I don’t even know where to begin! It’s a long story, grab a cuppa.
I found out about my pregnancy and March 2020. After my initial 12-week scan with my due date in September we thought we had a lot of time to get prepared for having a baby.
At 28 weeks my scan showed that our baby was smaller than expected which kick-started extra scans and weekly visits to the hospital. Growth scans are quite normal when the baby is picked up as being small. However at my 31 week scan the doctor saw something that she wasn’t quite happy with and asked me to stay as an inpatient to be monitored. This wasn’t quite the routine scan that I was expecting I was a bit shocked as I’ve never stayed in hospital before. I spent four days in the women’s centre being monitored constantly and baby being checked. I was discharged on the Thursday afternoon, super happy that I could sleep in my own bed again and my next scan was due on the following Tuesday.
My partner and I went shopping on Saturday, we took a walk to town, bought a new bed and visited a few shops. We came out of one shop and as we exited an elderly gentleman pointed at my tummy and said “3:30 tomorrow morning”. We just looked at each other and laughed and thought “yeah right”, didn’t think anything else of it and went home. Later that night we both struggled to get to sleep. My partner went downstairs to play his PlayStation whilst I tried to get some rest in bed. At 3 a.m. Sunday morning I woke up in a pool of blood. Of course this was terrifying and we immediately made our way to the hospital delivery suite 30 minutes away.
In a bit of a blur and on advice by the doctor’s and midwives I was rushed in for an emergency cesarean section* and baby Elsie was born at 7:07 am on the 26th of July 2020. She was born at 32 weeks gestation.
This is something that we had not prepared for and we had what felt like a really long road ahead of us. After my surgery I was taken to recovery I had seen my baby for less than 5-minutes, I didn’t really feel like I’d even given birth. Elsie was taken to intensive care in the neonatal unit, she was put on oxygen and into an incubator. The first time I got to spend some time with her was 7 p.m. that evening, 12 hours after she was born. Seeing her in the incubator attached to the wires with nurses and doctors all around her was really scary. I don’t think there’s much that can prepare you for seeing your baby like that and the feelings where overwhelming.

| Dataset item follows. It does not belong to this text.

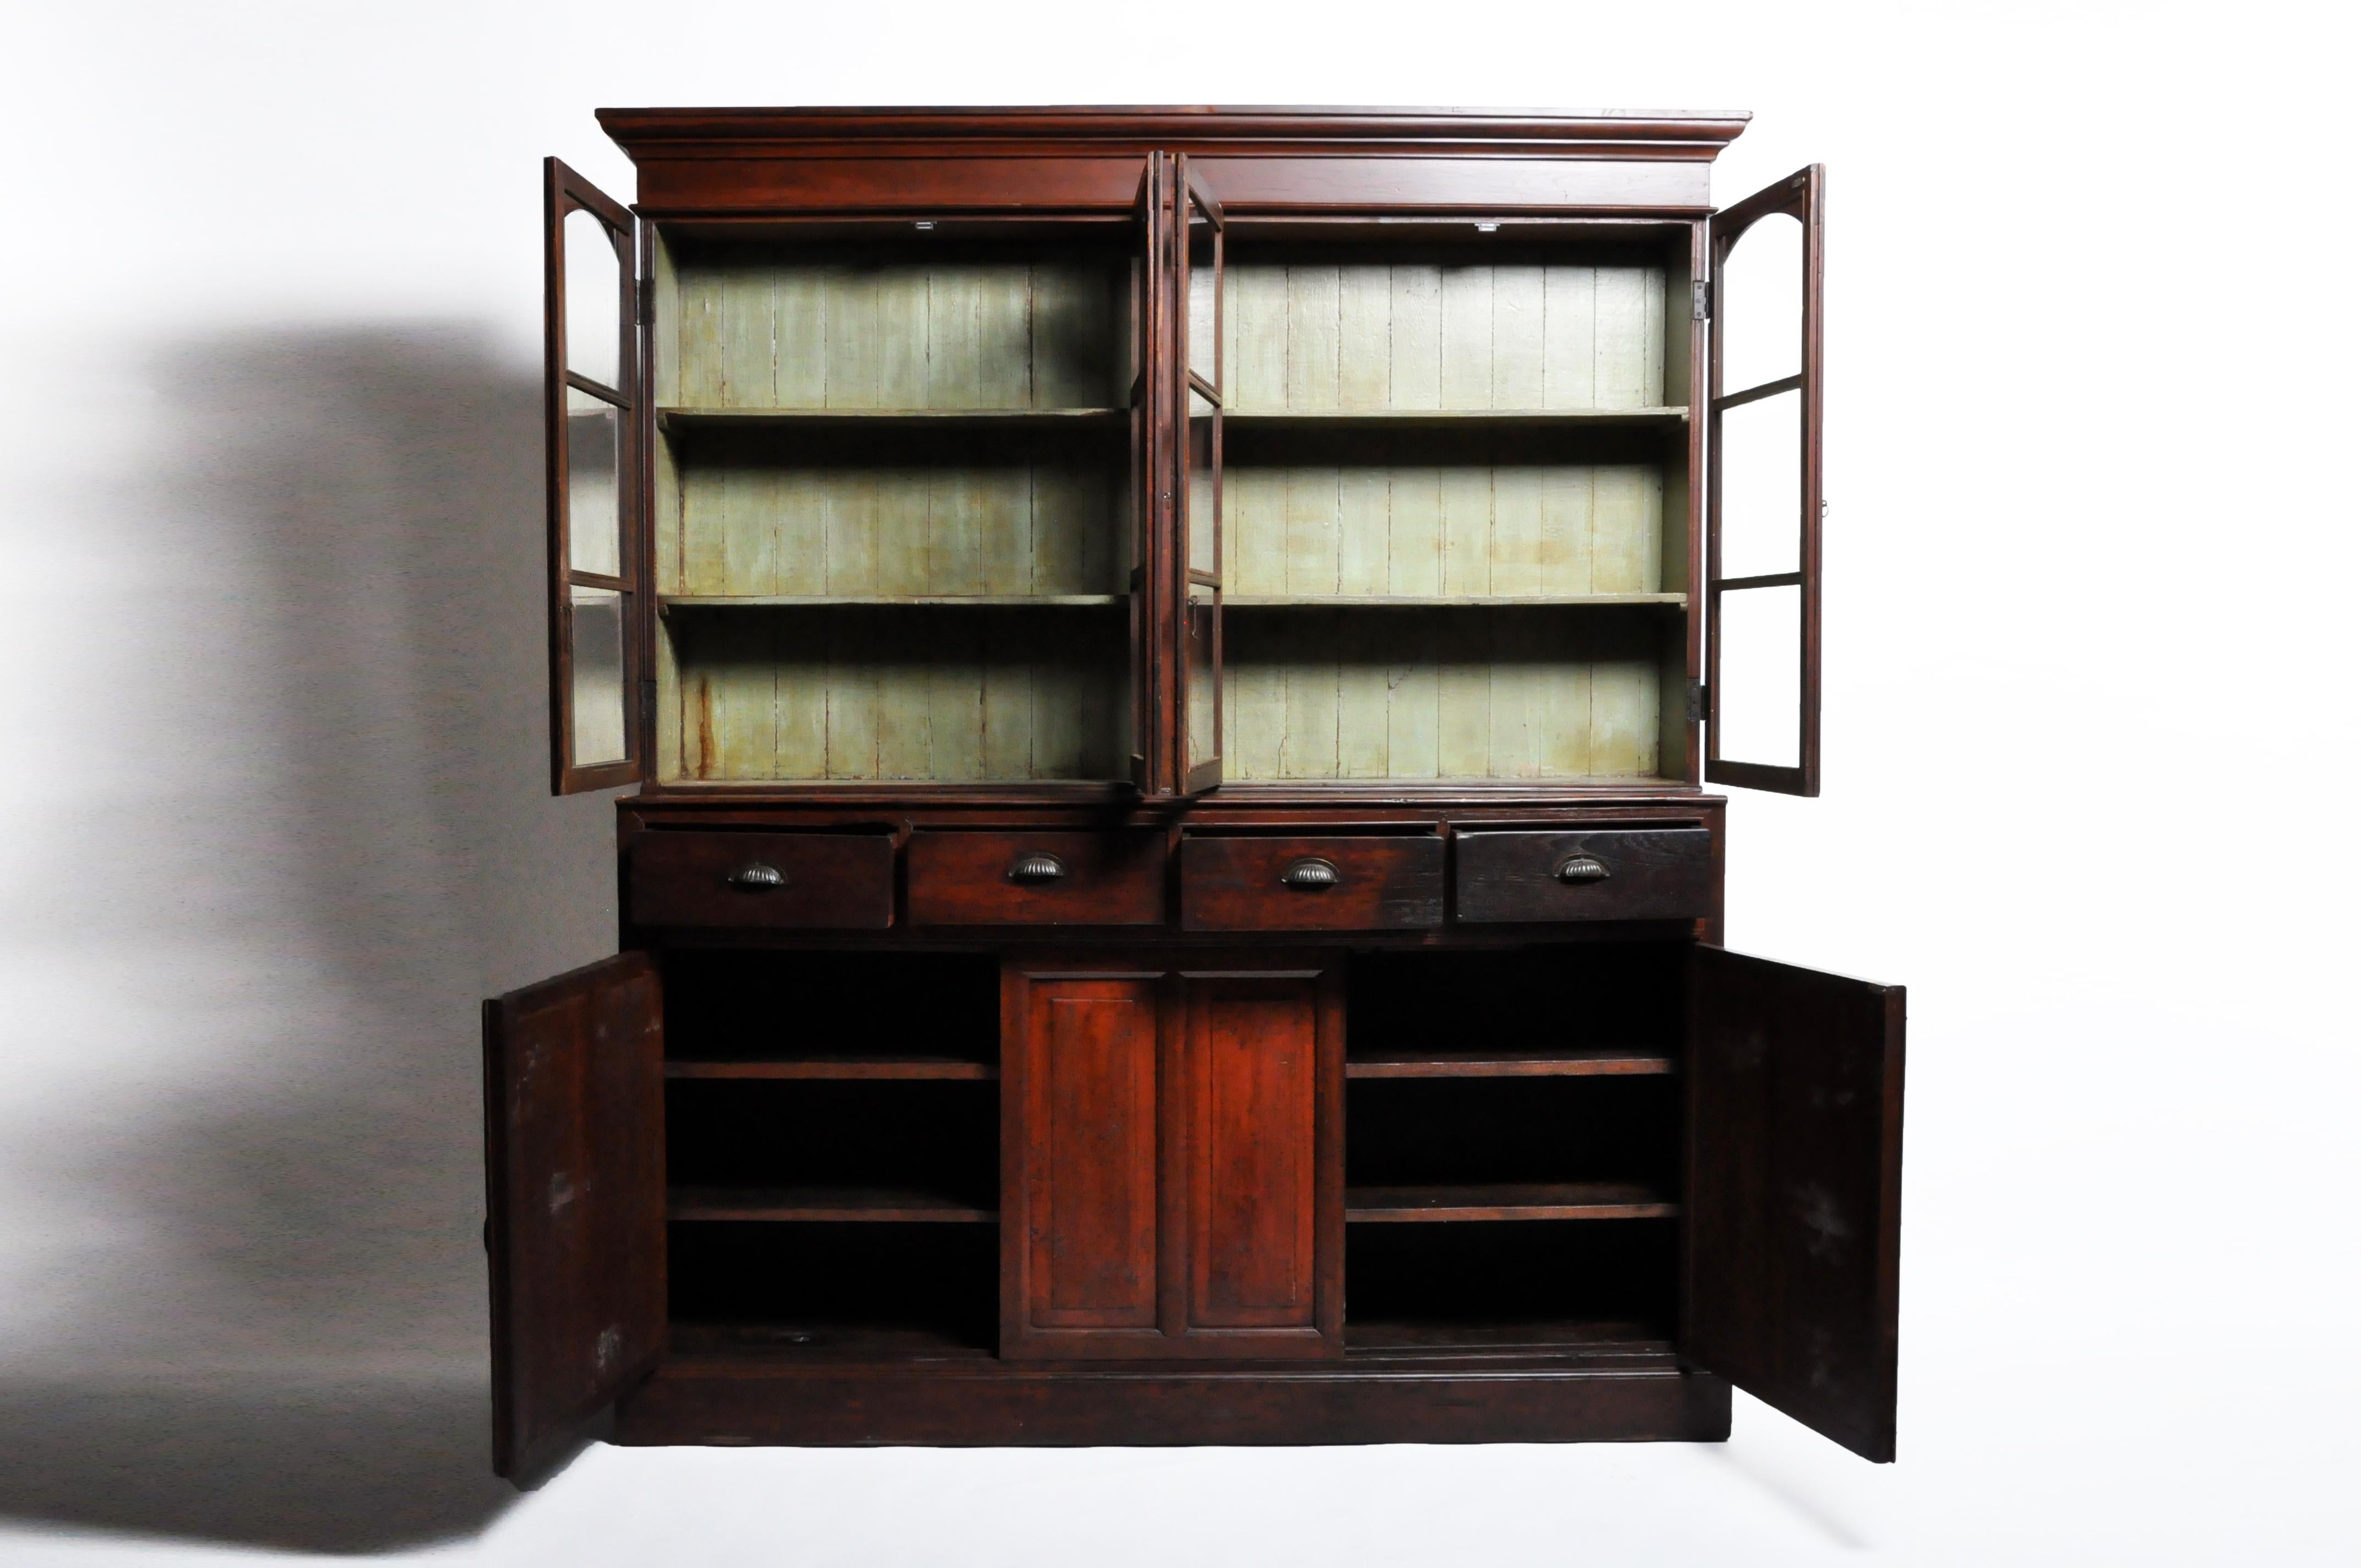 This handsome British Colonial cabinet comes in two parts, the top having 4 glass doors that open up to shelves for ample storage over another set of 3 doors with additional shelves, and 4 drawers for additional storage. Both open to compartments
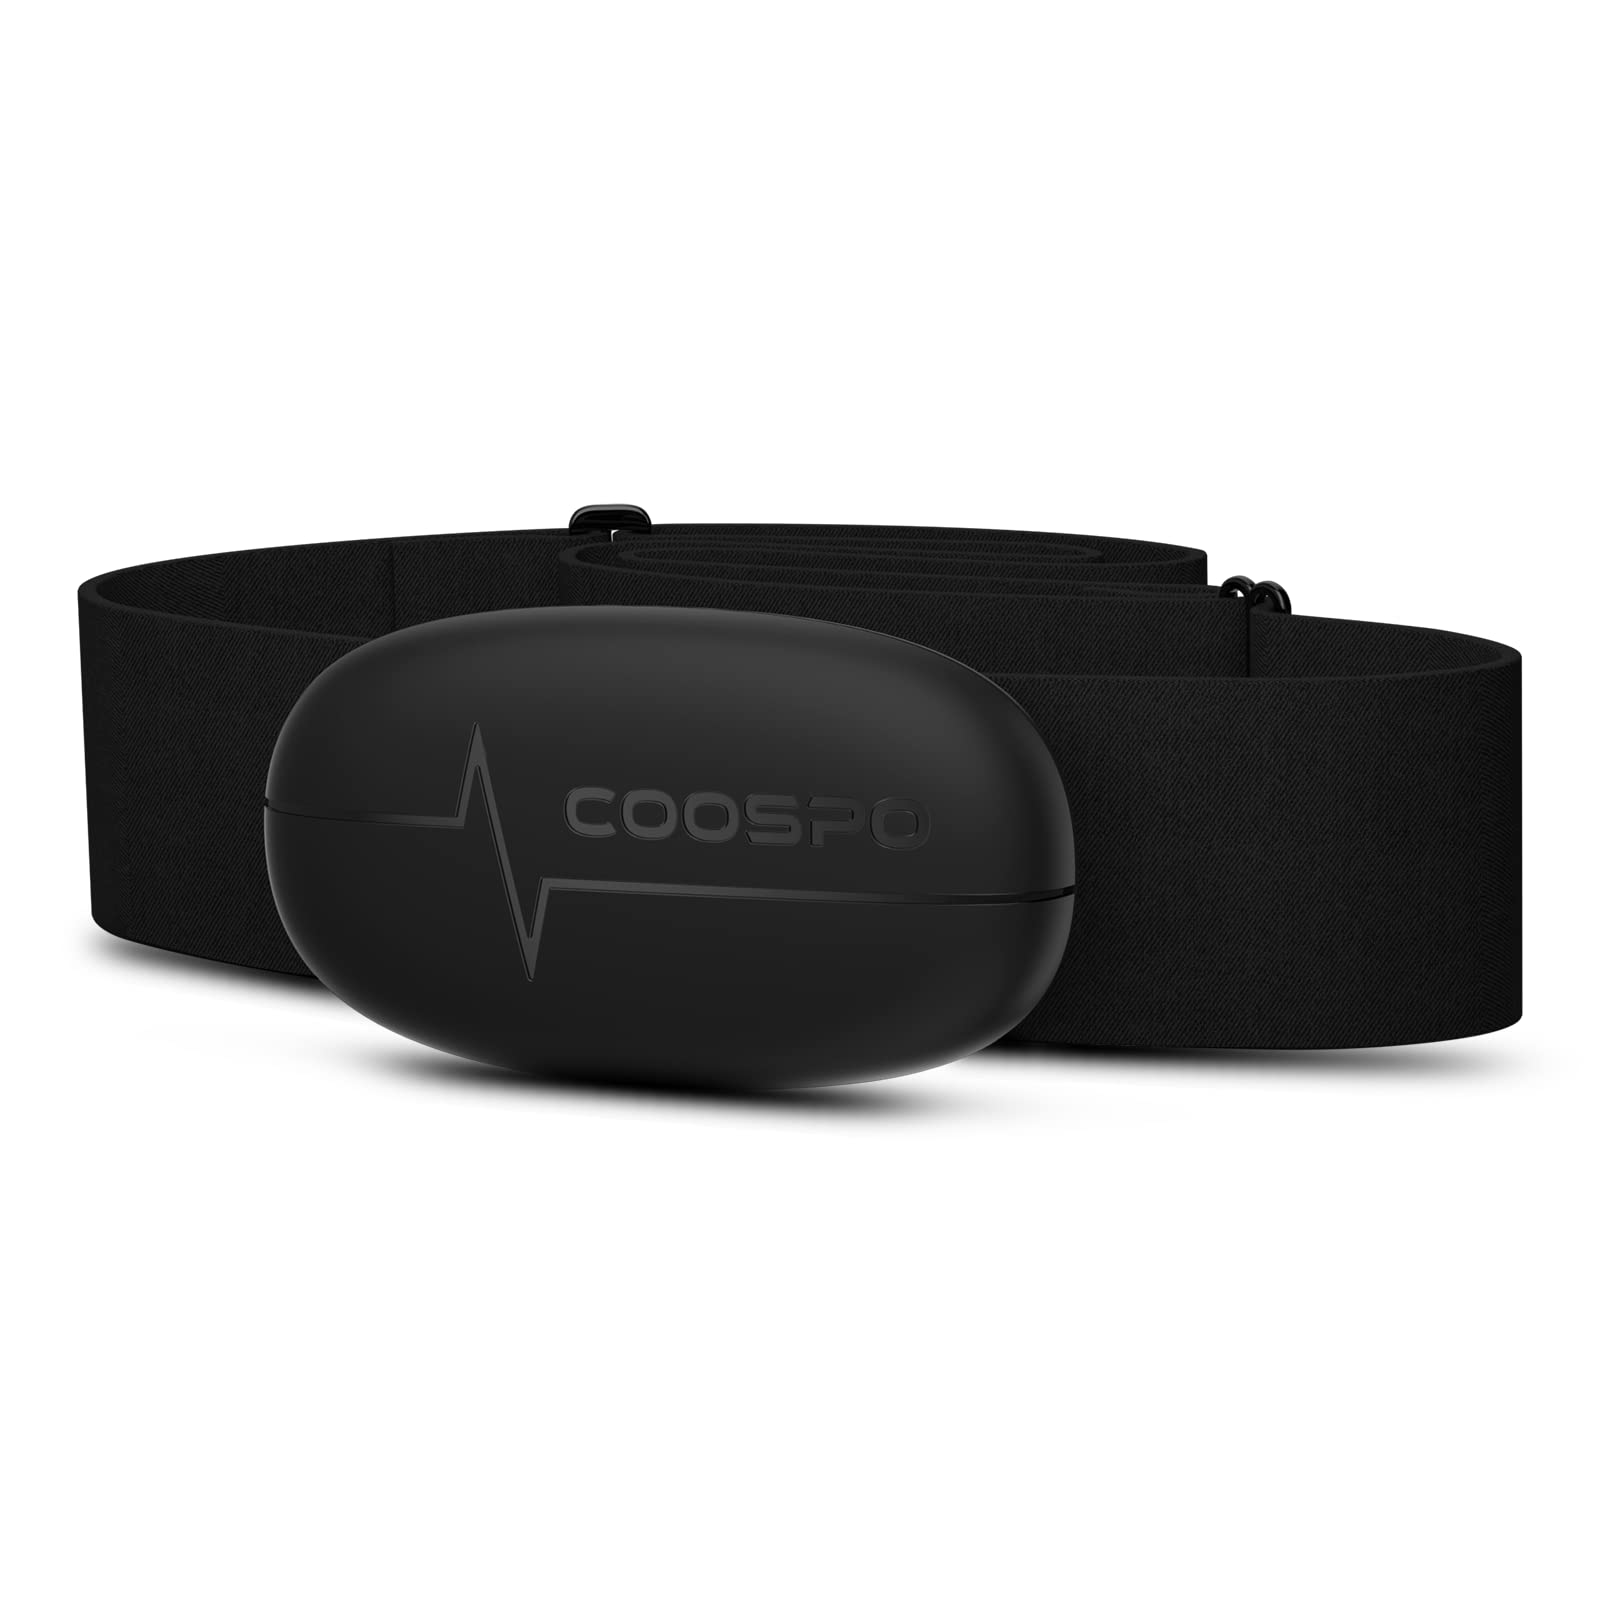 CooSpo Heart Rate Monitor Bluetooth ANT+ with Chest Strap for Running Cycling Gym and other Sports

The first few days were tough, I was recovering from surgery but trying to spend as much time as possible with my daughter in the NICU. When I was due to be discharged, the NICU staff referred my partner and I to the Ronald McDonald House Charity. We were offered a room on the hospital site which meant that we could live close by and save travel and stress to and from the hospital. This was an absolute godsend, we couldn’t be more grateful to the hospital and the charity. Being able to stay close by meant that we could visit every day, we could be involved in our daughter’s care and make sure that we built up a bond with her.
She spent just 3 days in ICU, before being moved to the high dependency unit. We were in the HDU for just over a week until she was taken off of her oxygen. She was then moved again to the low dependency unit. This was a big move for all of us as we knew that it was the last step before home. It was now up to us and Elsie to get her a little bigger and a little stronger so we could take her home.
Whilst my partner was still working, I spent the majority of my days sitting at her cotside. At first, she was too small to get her food from the breast or bottle so all of her feeds were via a gastrointestinal tube, inserted through her nose. For her to be able to come home, the requirements were that she could take a minimum of two “sucking” feeds in 24hrs, 48 hours consecutively. Over the two weeks, we introduced breastfeeding. I’m not going to lie, it was hard work. I’m sure breastfeeding your baby at home is just as hard, but I had nurses watching me constantly, there was no private space, just an open ward. Other parents in and out all of the time and a baby on a to-the-dot feeding schedule. It was exhausting.
Perseverance paid off eventually, she picked up feeding quite quickly and we were allowed home on a ‘home tube feeding’ program. This wasn’t ideal, but it did mean that we could be back in a familiar space and start our own little routine. The idea was that her tube feeds would be reduced over time and all of her feeds would be by breast or bottle.
Now, two weeks after being discharged, I can happily say that our little dumpling is tube free. She’s putting on weight, and although still very small, she’s growing into a strong little human!
I’ll be paying a visit to old man in the charity shop one day to ask him what he knew! The single most strange experience of my life.
* I’m still waiting for a firm diagnosis, however it is thought that the reason I was bleeding was due to a severe placental abruption. I don’t know much about this and haven’t been provided with a great deal of information as of yet, however I am told that it roughly affects 2% of pregnant women in the UK. If you suspect that there is something wrong with you or your baby, contact your midwife or maternity assessment unit as soon as possible.